### Data excerpt

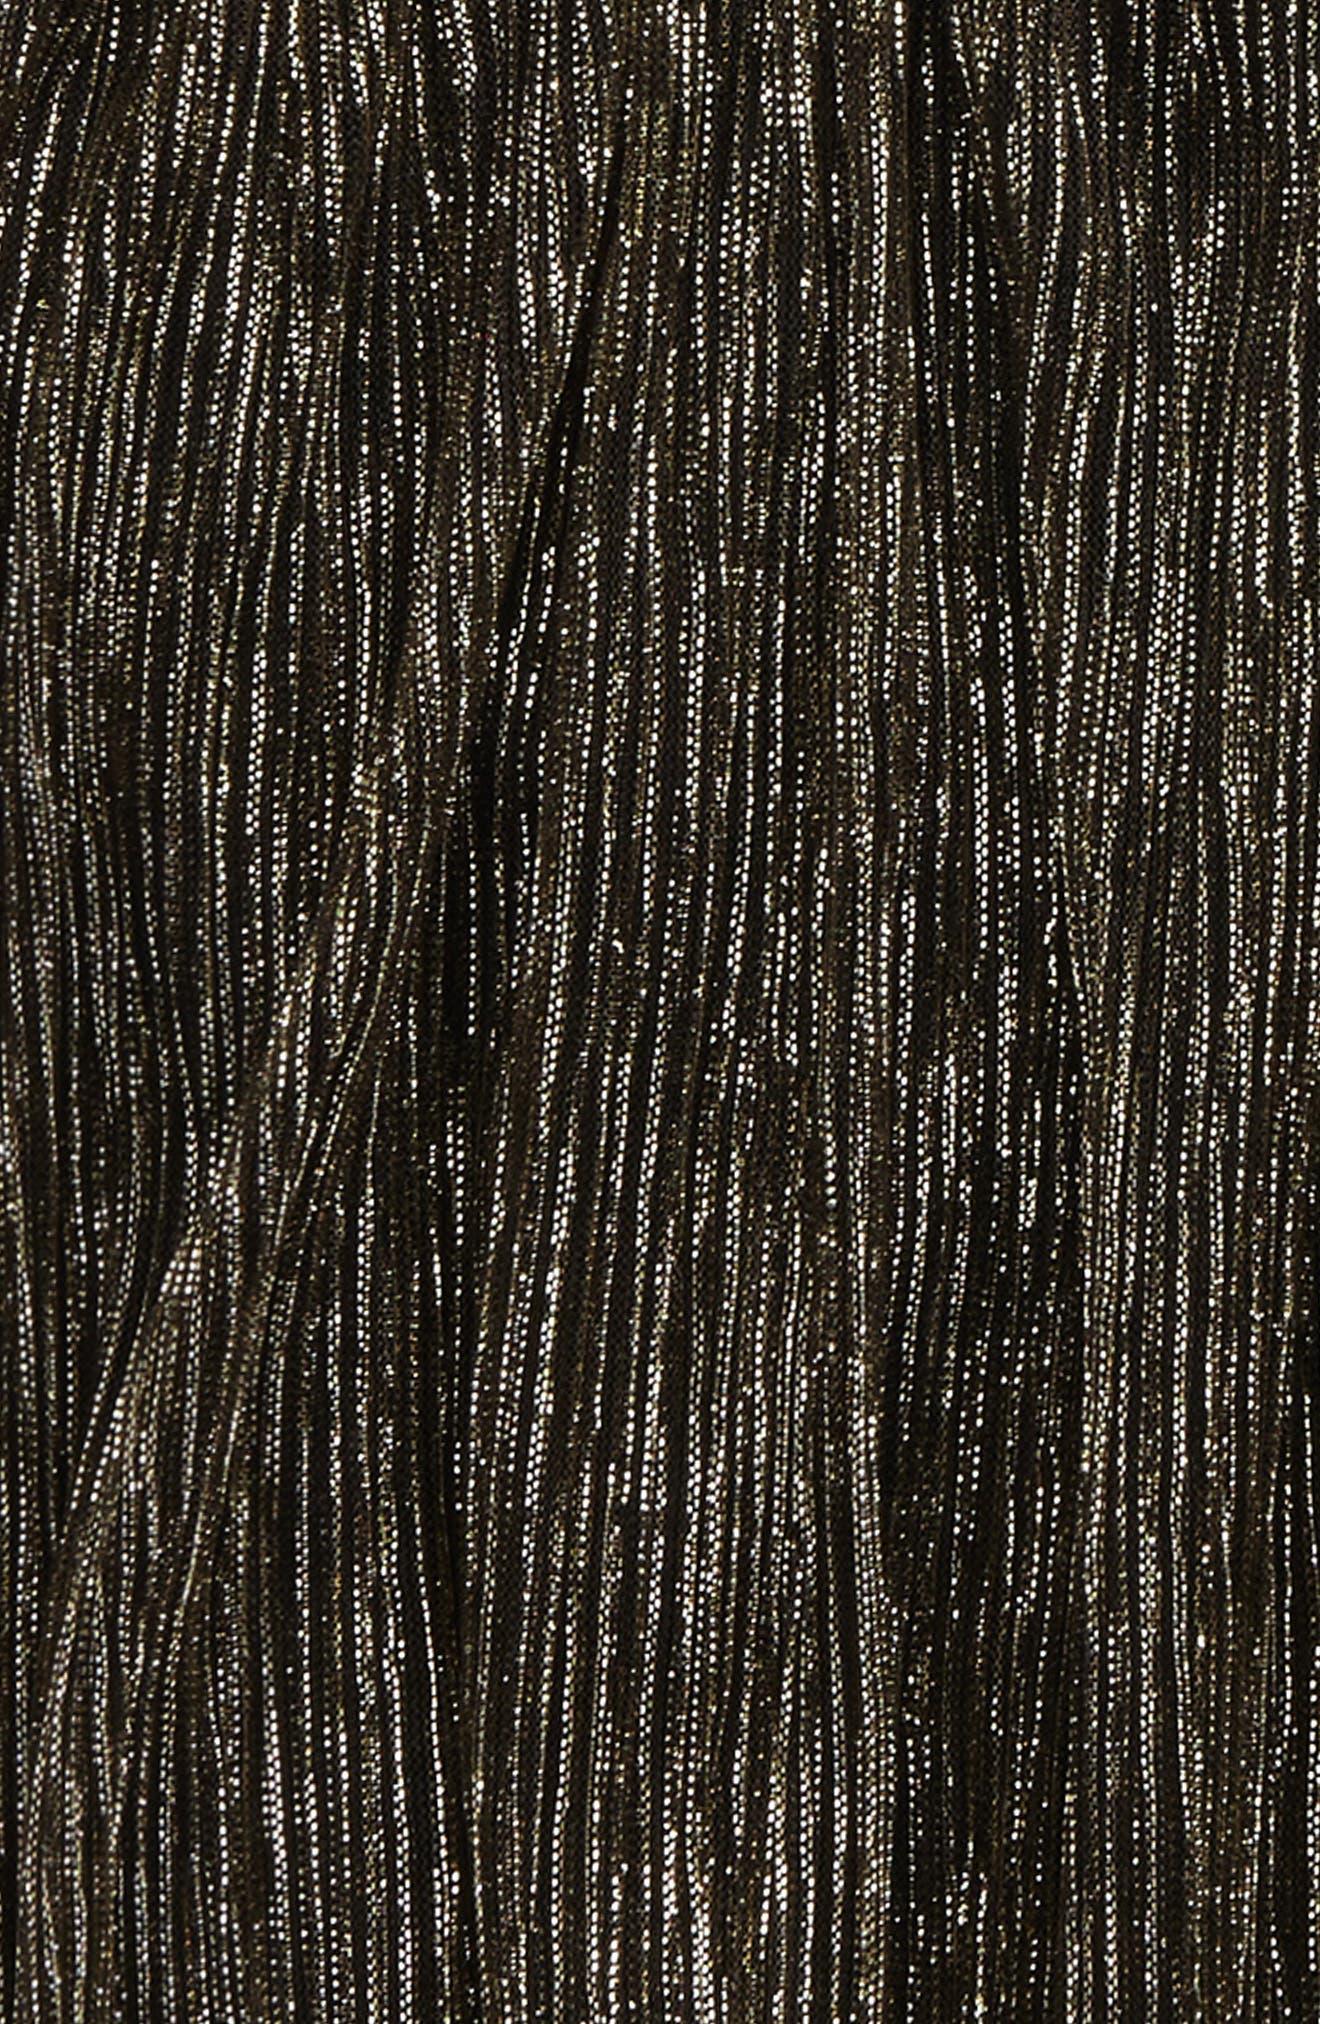 Pleated Metallic Skirt,                             Alternate thumbnail 2, color,                             220
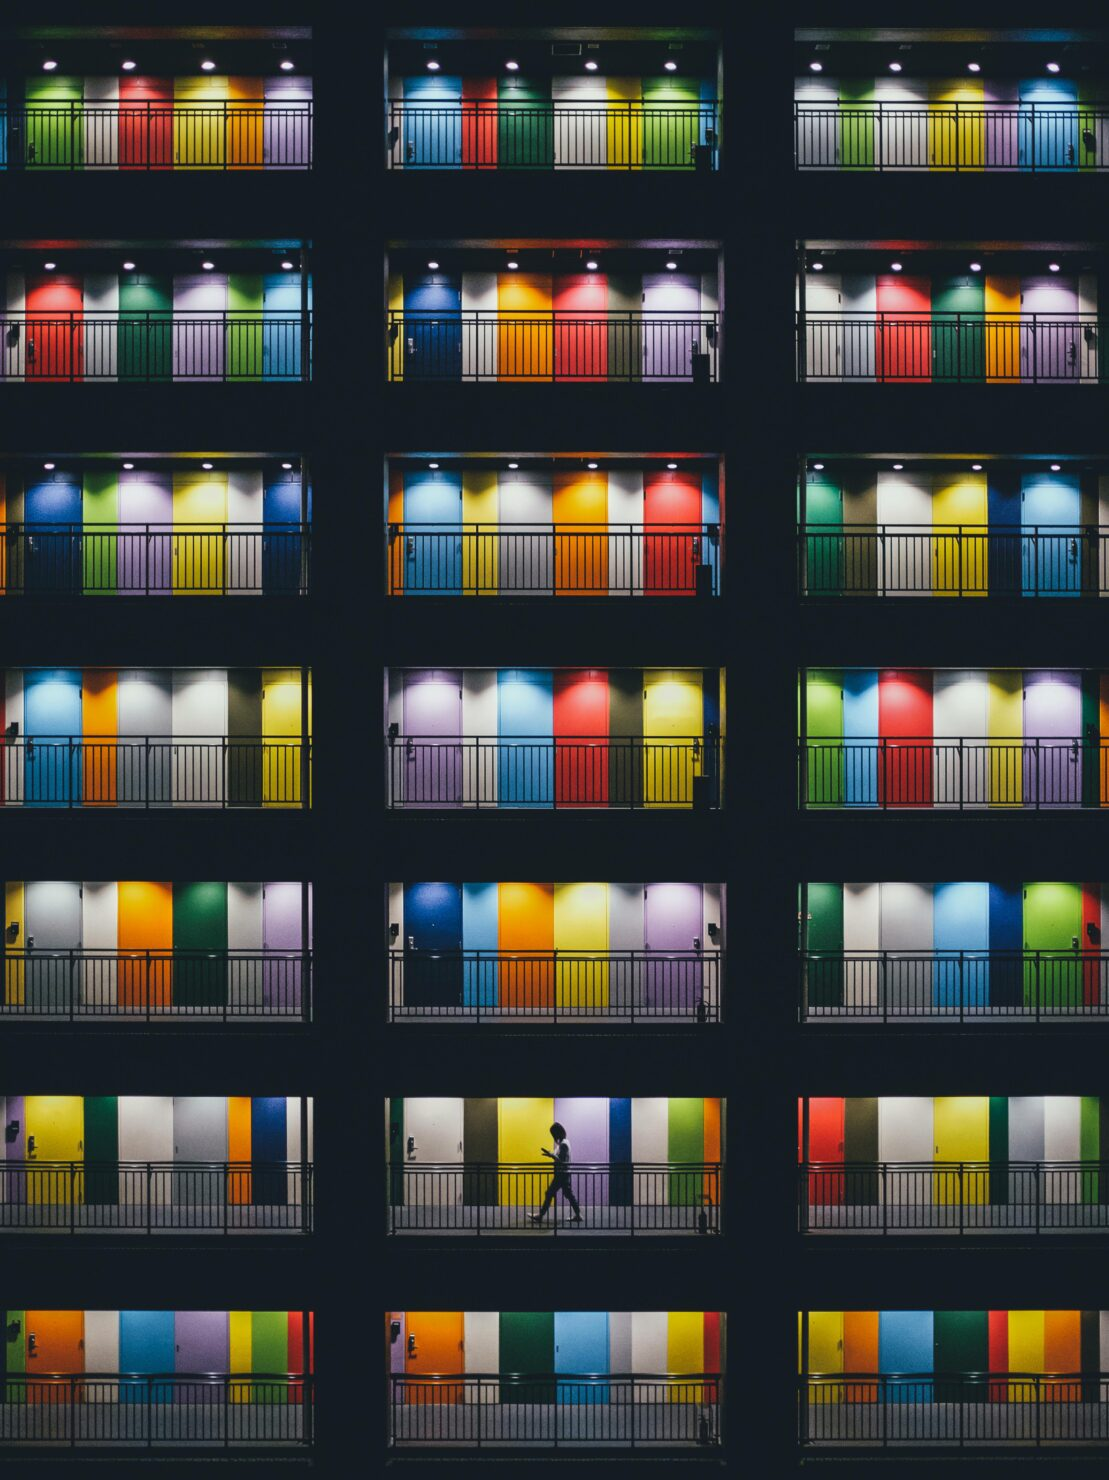 ipad-pro-5k-wallpaper-gallery-21
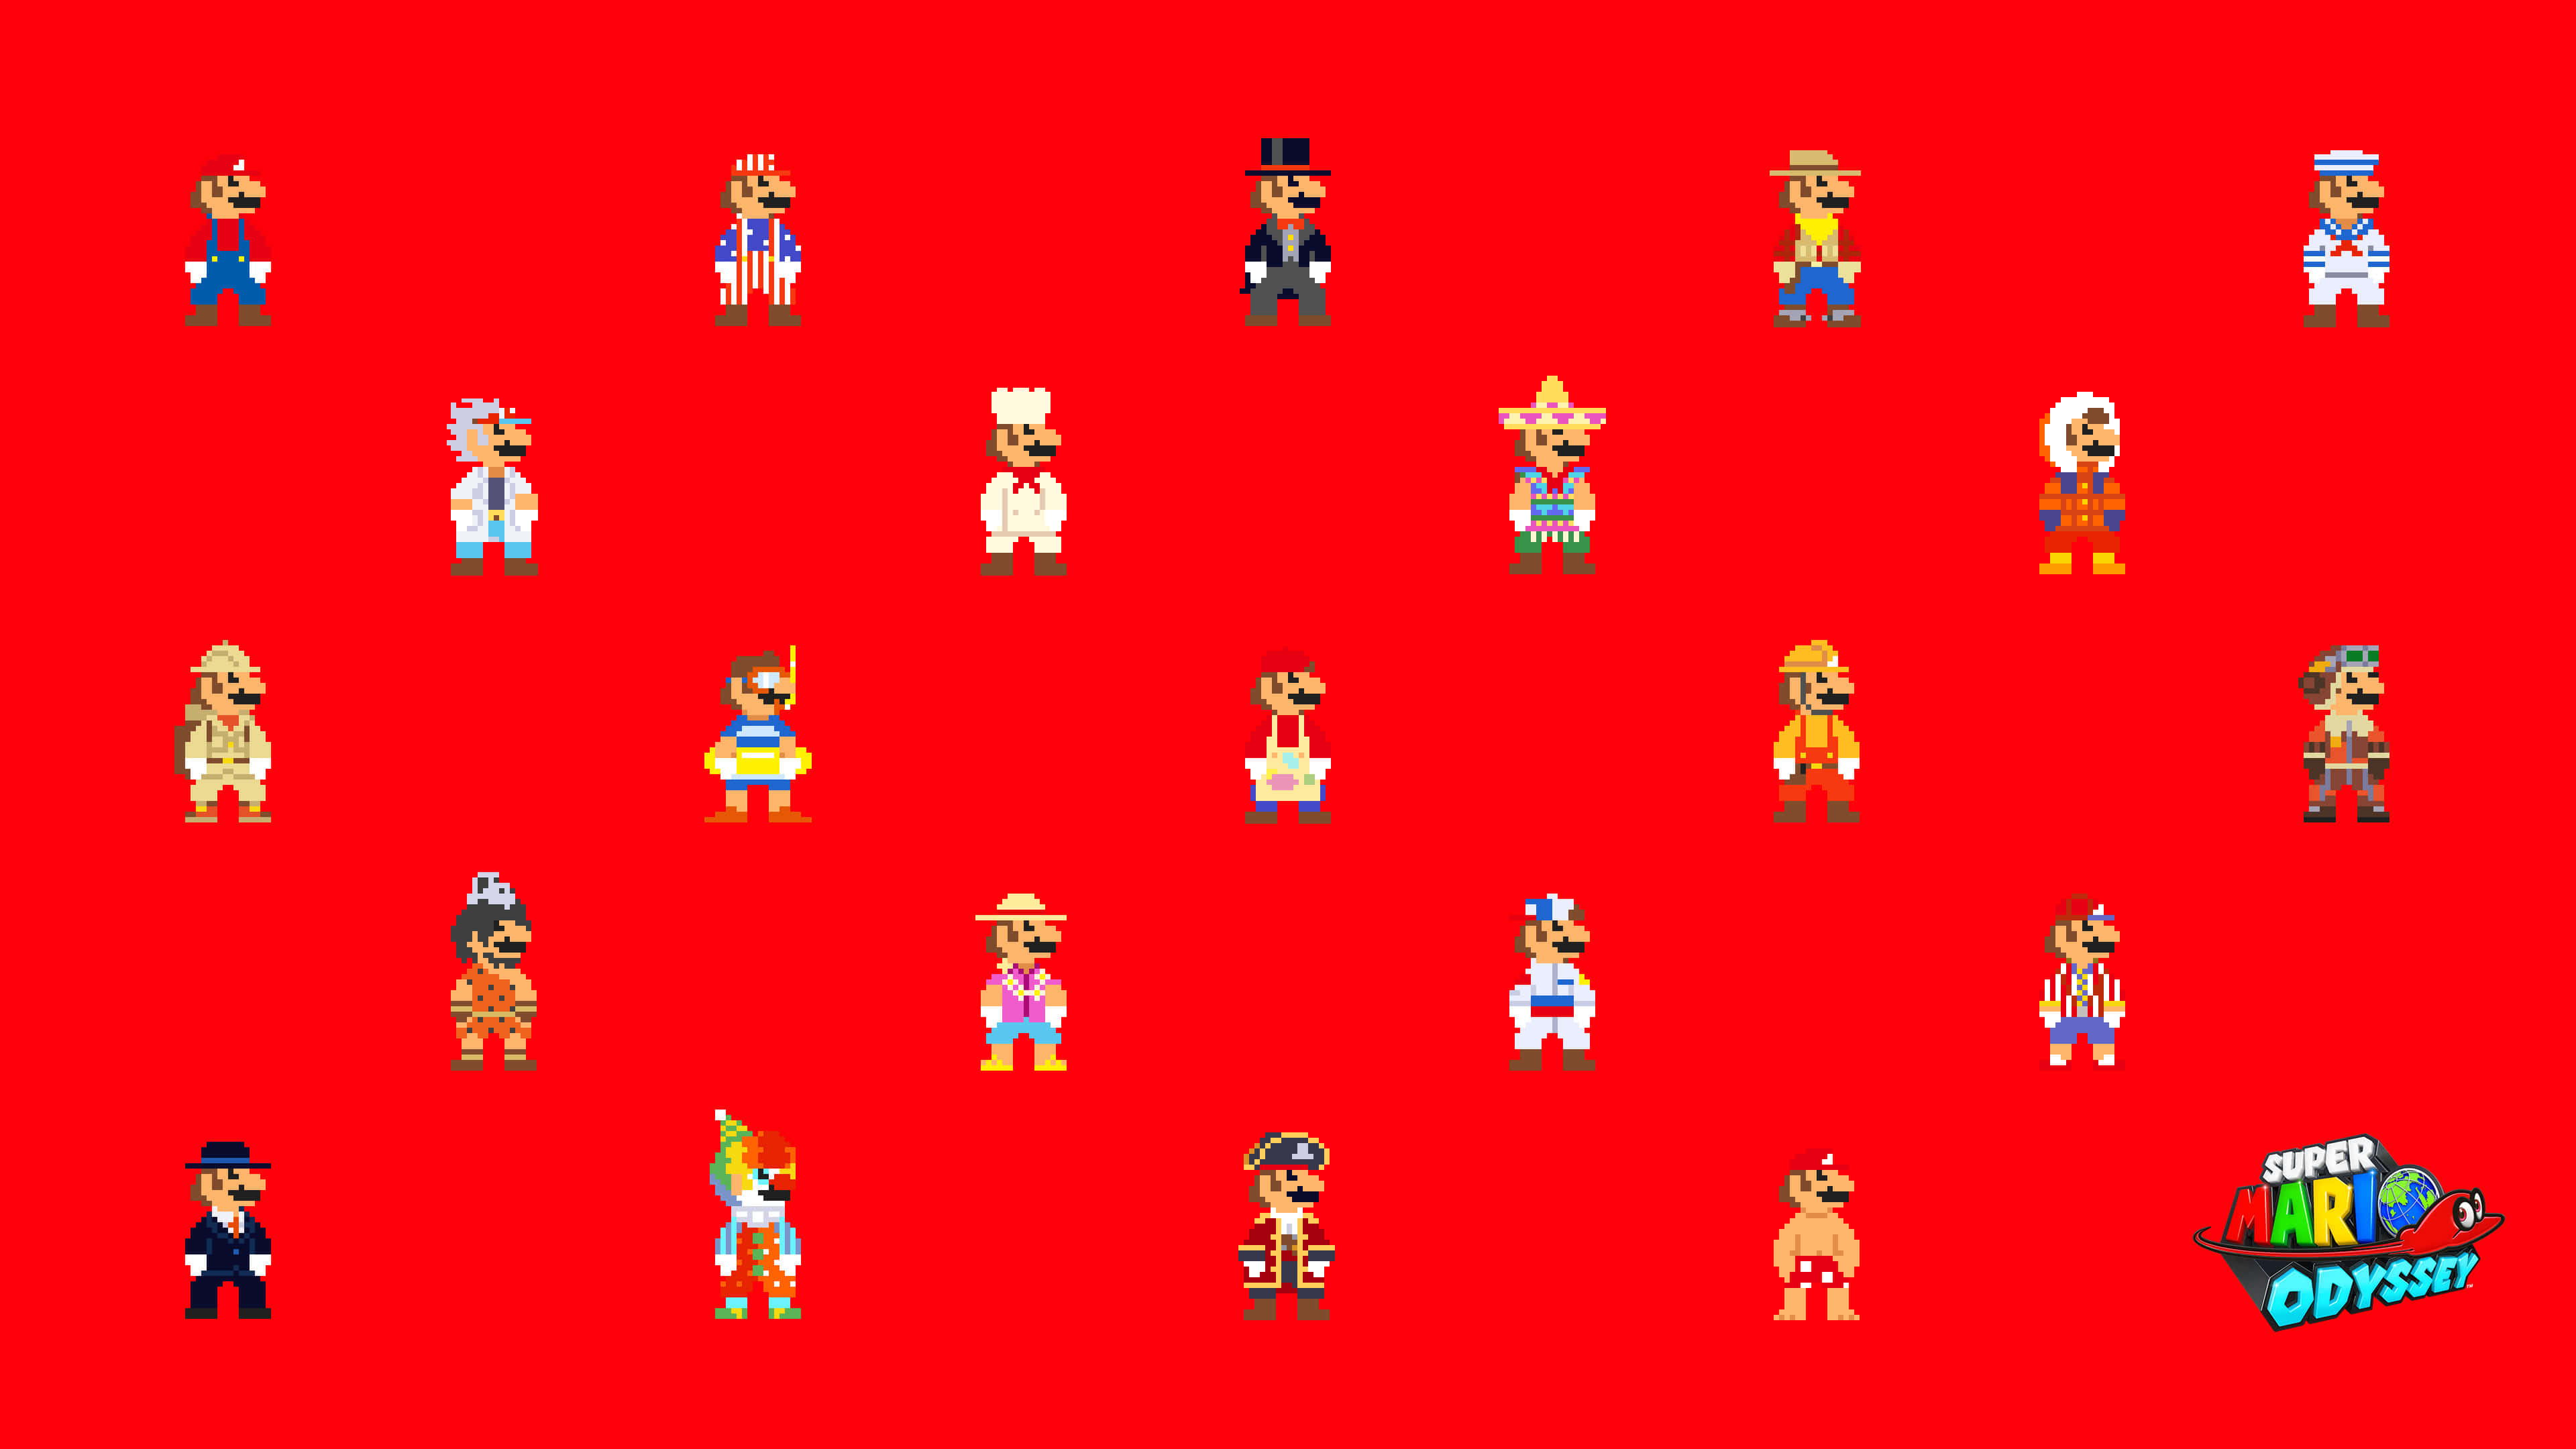 Super Mario Odyssey 8bit Mario Uhd 4k Wallpaper Pixelz

### Your objective
Would you please write out exactly the lines between the line containing "ipad-pro-5k-wallpaper-gallery-21" and the last line of the listing above, inclusive, without pictures?

### Reply
 ipad-pro-5k-wallpaper-gallery-21
 Super Mario Odyssey 8bit Mario Uhd 4k Wallpaper Pixelz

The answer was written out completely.